■ Brief: Without the pictures, set down every line of the data exactly.

■ Source material:
* * * * * * * * *

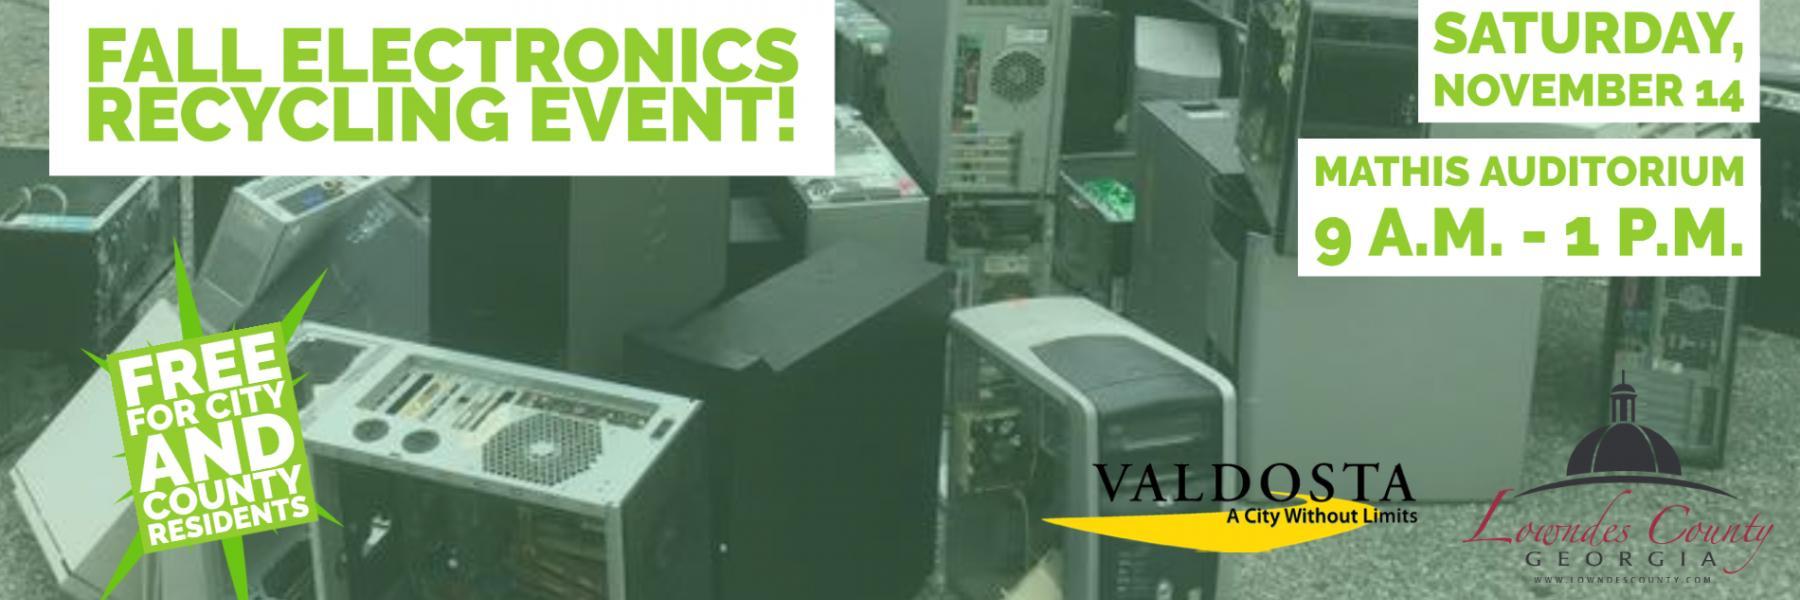 Fall Electronics Recycling
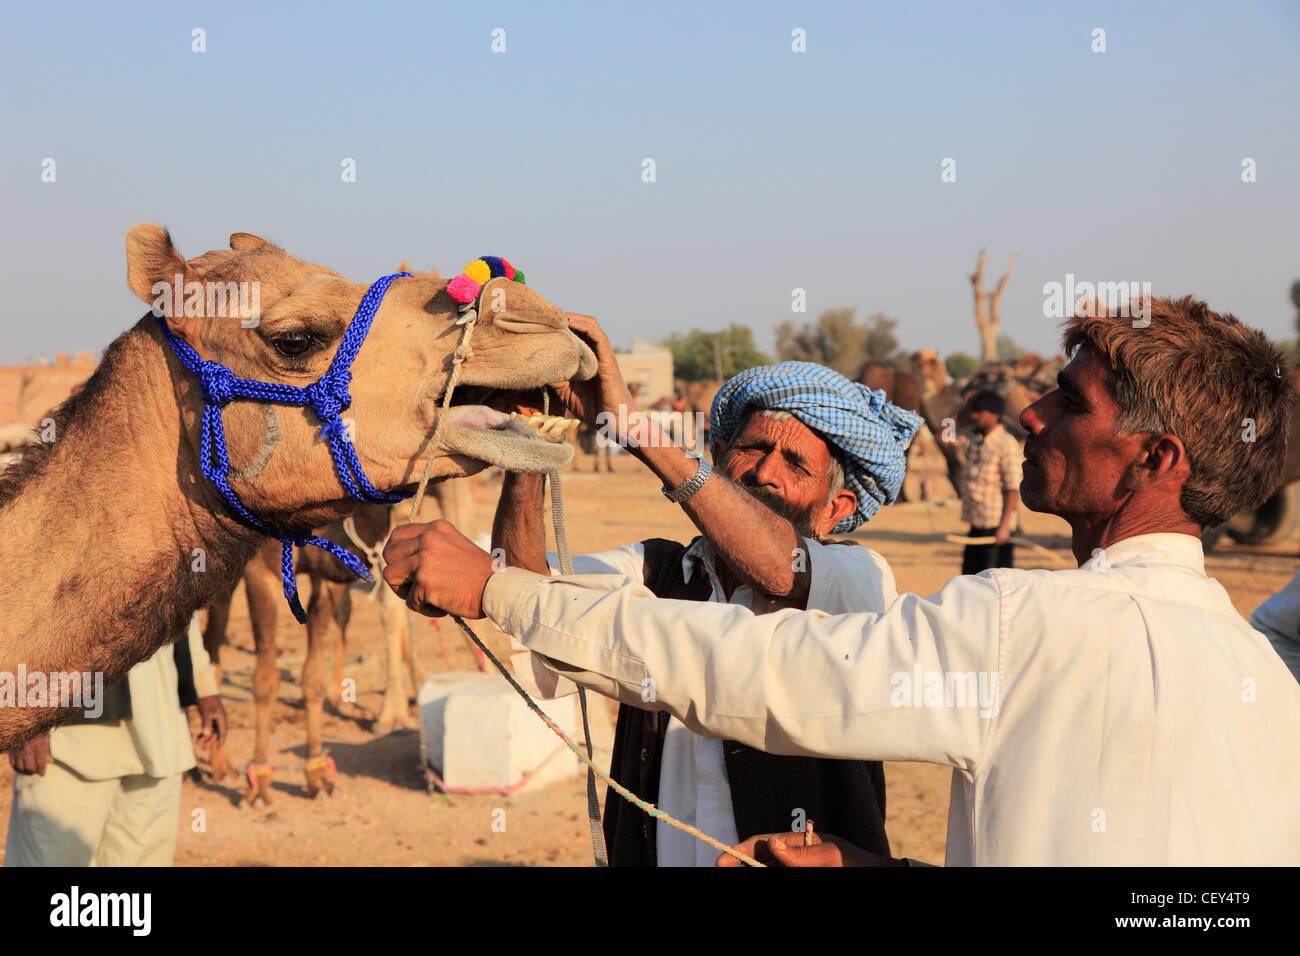 India, Rajasthan, Nagaur, Fair, camel, people, buyer looking at the teeth, - Stock Image
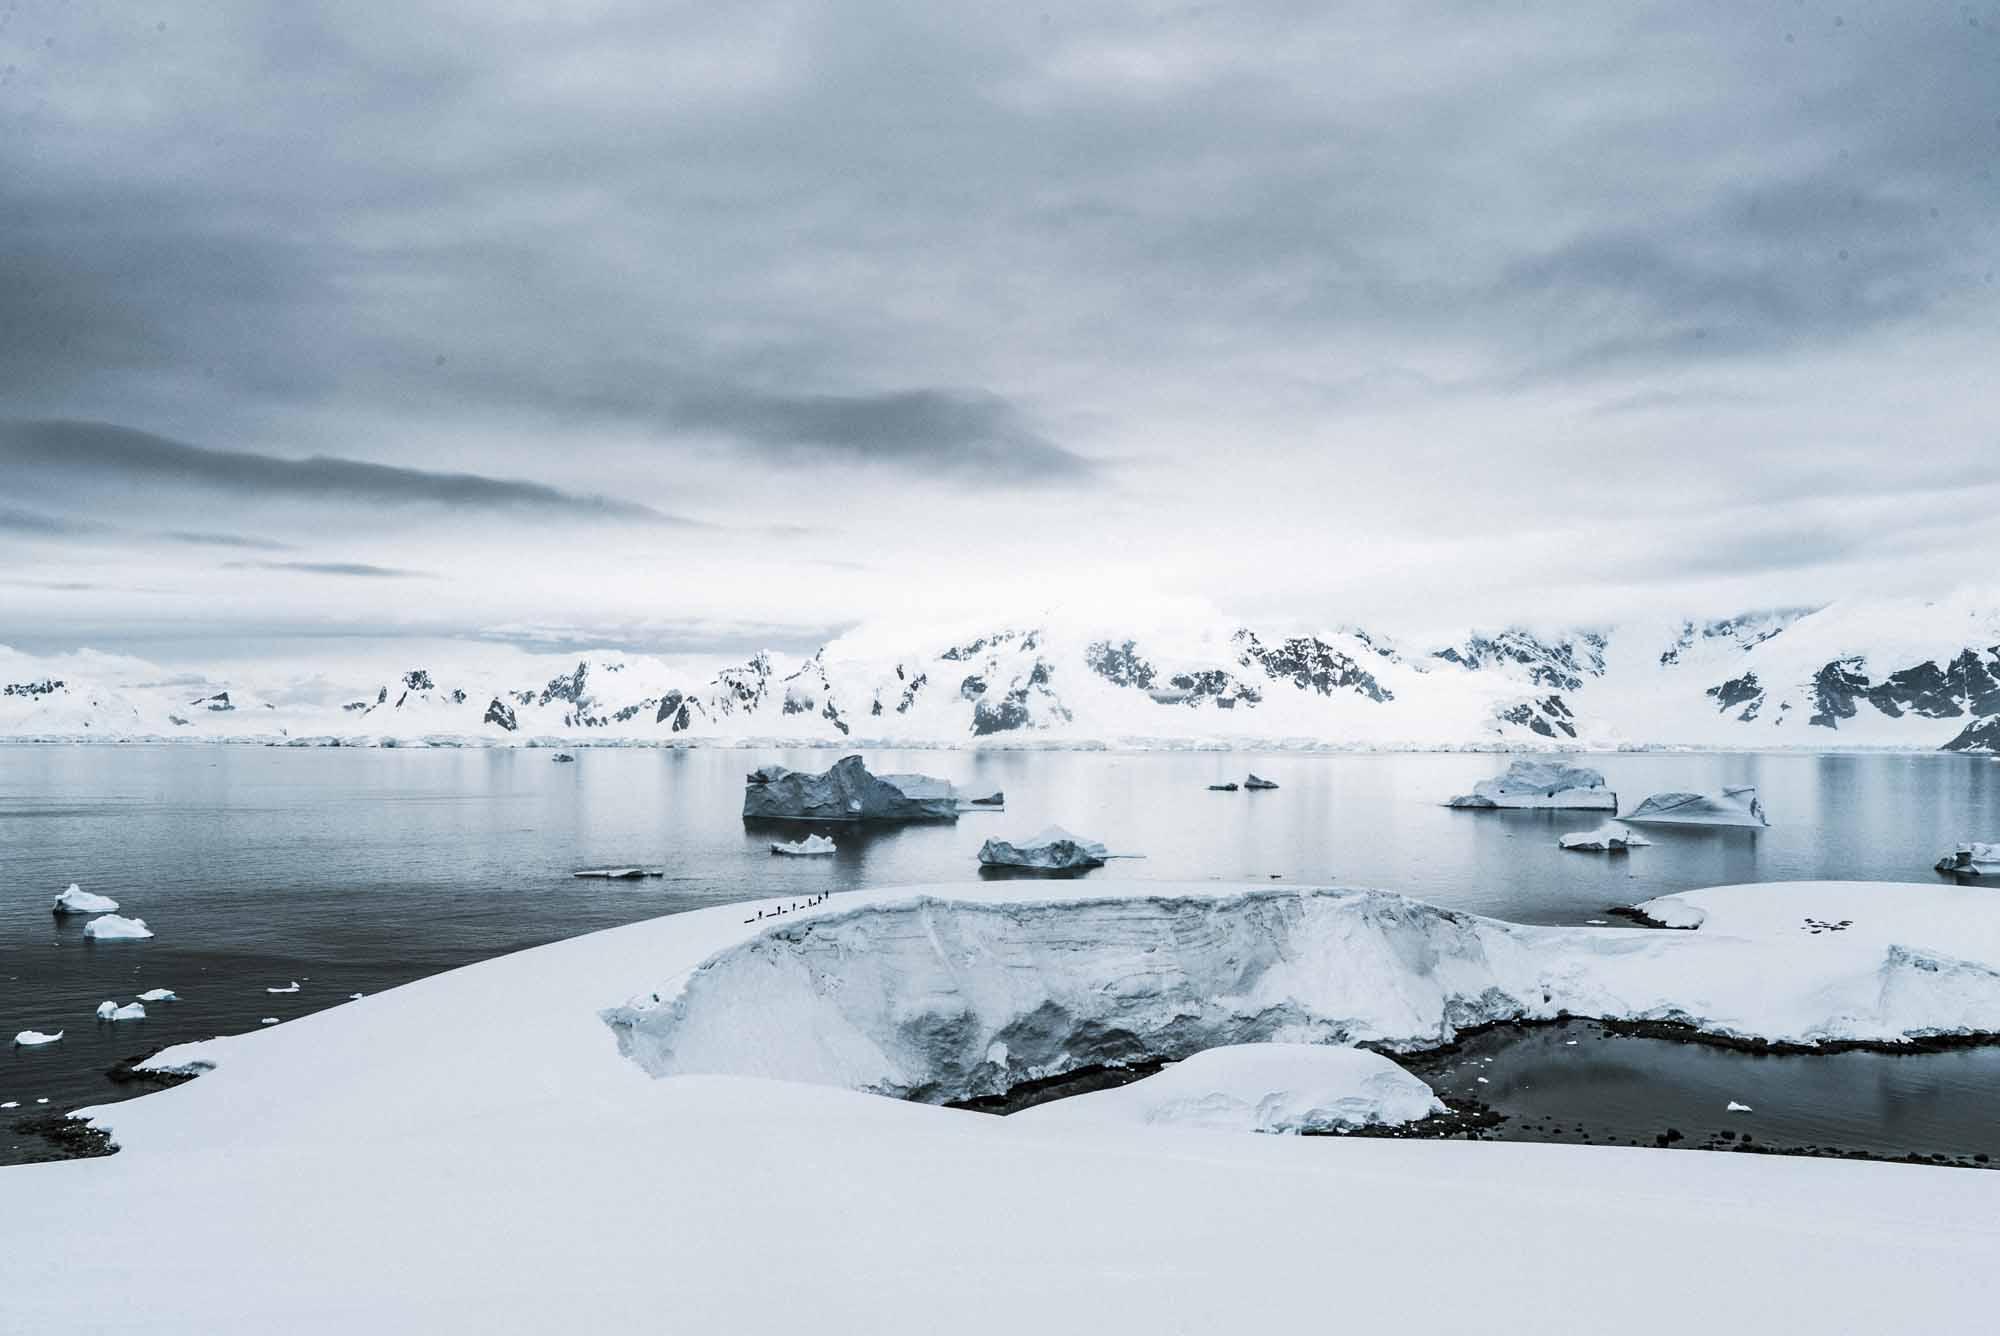 Polar-Quest-Exploration-Polaire-Exploring-Boundaries-in-Antarctica-Caroline-Cote-photo-the-Forbidden-Plateau

* * * * * * * * *

■ Solution for this task:
 Fall Electronics Recycling
 India, Rajasthan, Nagaur, Fair, camel, people, buyer looking at the teeth, - Stock Image
 Polar-Quest-Exploration-Polaire-Exploring-Boundaries-in-Antarctica-Caroline-Cote-photo-the-Forbidden-Plateau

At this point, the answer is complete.